The Justice Dept. today shredded any pretense that it isn't in the back pocket of Donald Trump by overturning its own federal prosecutors' recommendation that Roger Stone, Trump's buddy, get up to nine years in the slammer for lying to Congress and witness tampering.

Roger StoneRoger Stone

And all it took was a tweet from the master.

Though CNN called the Justice Dept's reversal a "stunning and politically charged move," it's pretty much par for the course following AG Bill Barr's dismissal of the Mueller Report as much ado about nothing.

Stone's conviction flowed from allegations made by Bob Mueller's epic exposure of corruption and collusion in the White House.

The Justice Dept.'s pandering to Trump followed a tweet in which he whined that the seven-to-nine year recommended jail time for Stone was a "horrible and very unfair situation. The real crimes were on the other side, as nothing happens to them. Cannot allow this miscarriage of justice!"

The partisan Justice Dept. is just another sign on the American road to becoming a Banana Republic.

But say this for bananas; at least they possess some thick skin, unlike members of the Trump administration band of sycophants. Donald says, "Jump," They respond, "How high?"

Trump unbound is Trump unhinged. In the aftermath of the acquittal in the Senate, the president has political cover to wreak even more havoc in Washington and on the Constitution.

The Economist columnist "Lexington" summed things up nicely in the Feb 8th-14th issue of the magazine:

"Mr. Trump's sometimes comical strangeness long made the fears of despotism he stirred seem overblown. But think of authoritarianism as a corrosive process, not a dictatorial end-state, and they no longer do.

He has never looked more threatening to American democracy. And thanks to Senate Republicans, with one laudable exception, it has never looked more vulnerable to him."

As the Democratic candidates for president fail to inspire a broader base than their core supporters, Lexington's laudable exception, Mitt Romney, is looking pretty good these days as somebody who could restore morality to the White House.

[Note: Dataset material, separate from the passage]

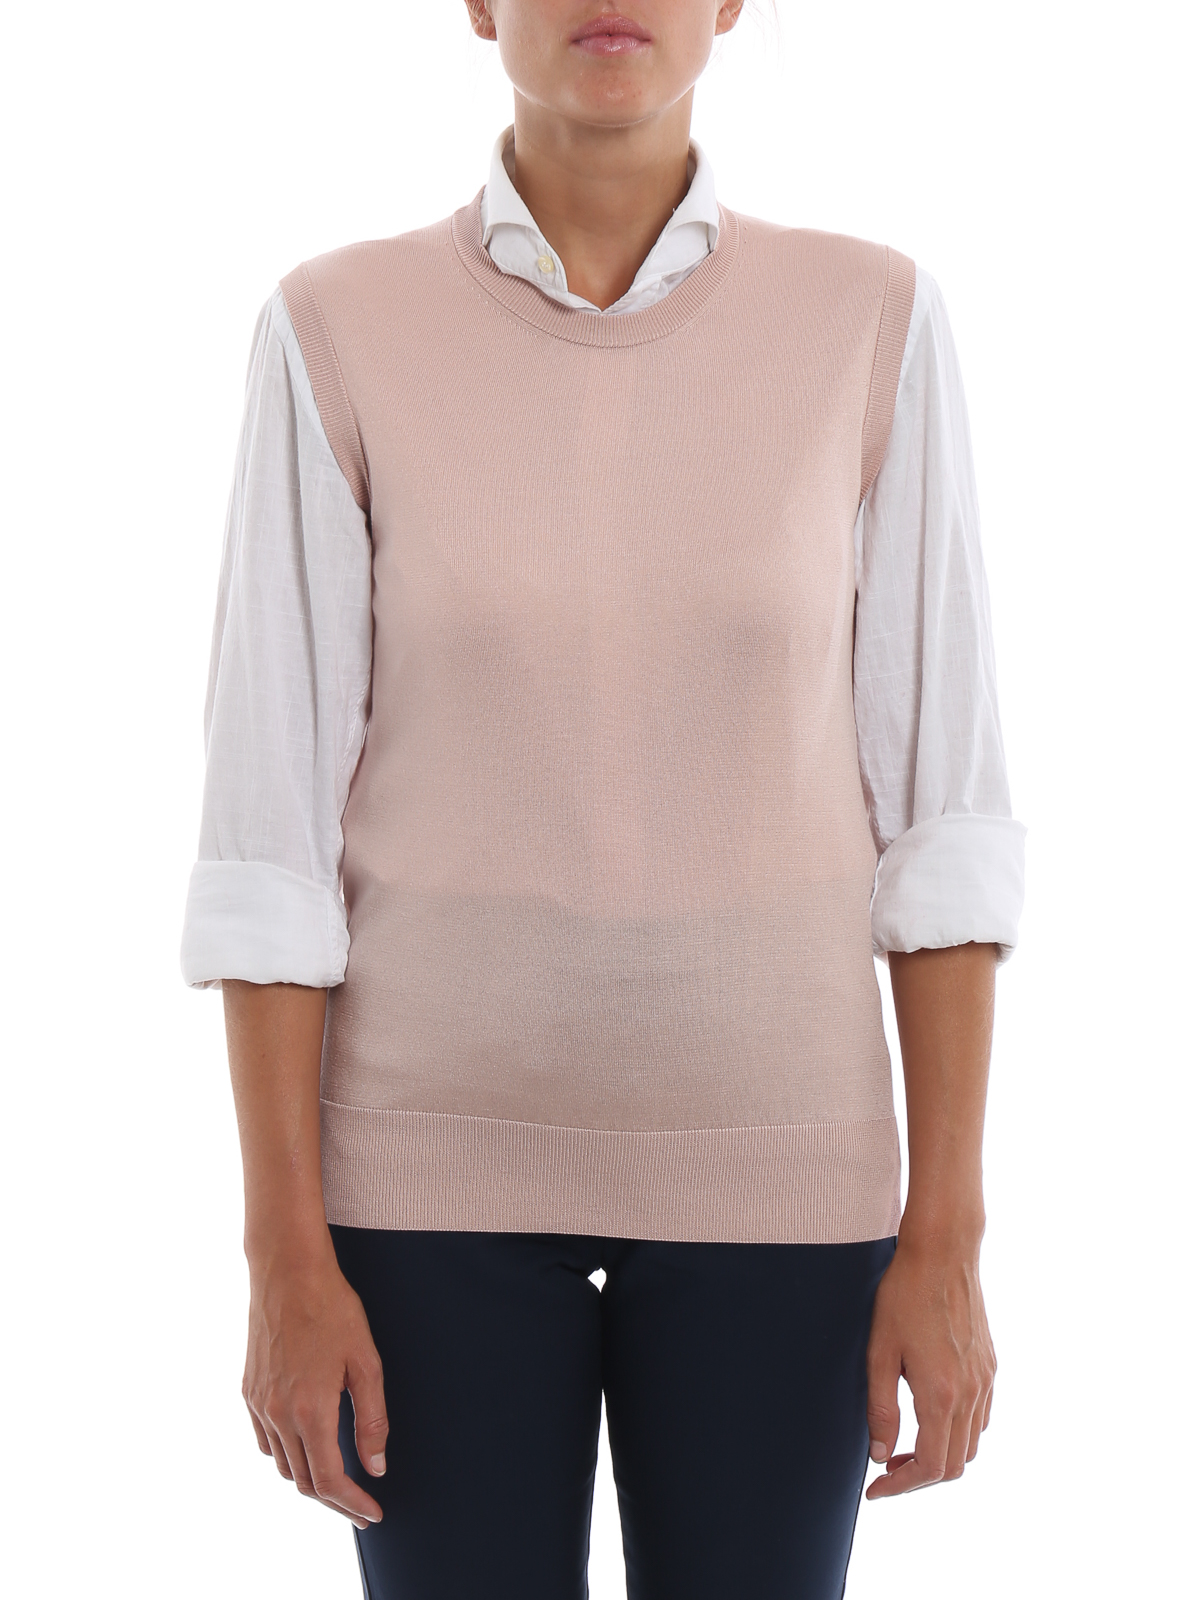 Womens Clothing Jumpers and knitwear Sleeveless jumpers Pink Dolce & Gabbana Jumper in Pastel Pink

Goldman Sachs is no friend of Democratic Socialist Bernie Sanders, But the investment bank is providing the Vermont Senator with fuel to fire up his campaign against the billionaires and one-percenters.

The investment bank reports that the richest one percent of Americans controls more than half (56 percent) of the equities owned by US households. That's up from 46 percent three decades ago.

Since 1990, those super-haves have bought a net $1.2T in company stock, while the rest of all have unloaded more than $1T, according to a Feb. 10 report in the Financial Times.

Goldman Sachs' analysts expect the gravy train to roll on as US economic growth and rising stock prices make the rich even richer and Bernie's supporters angrier.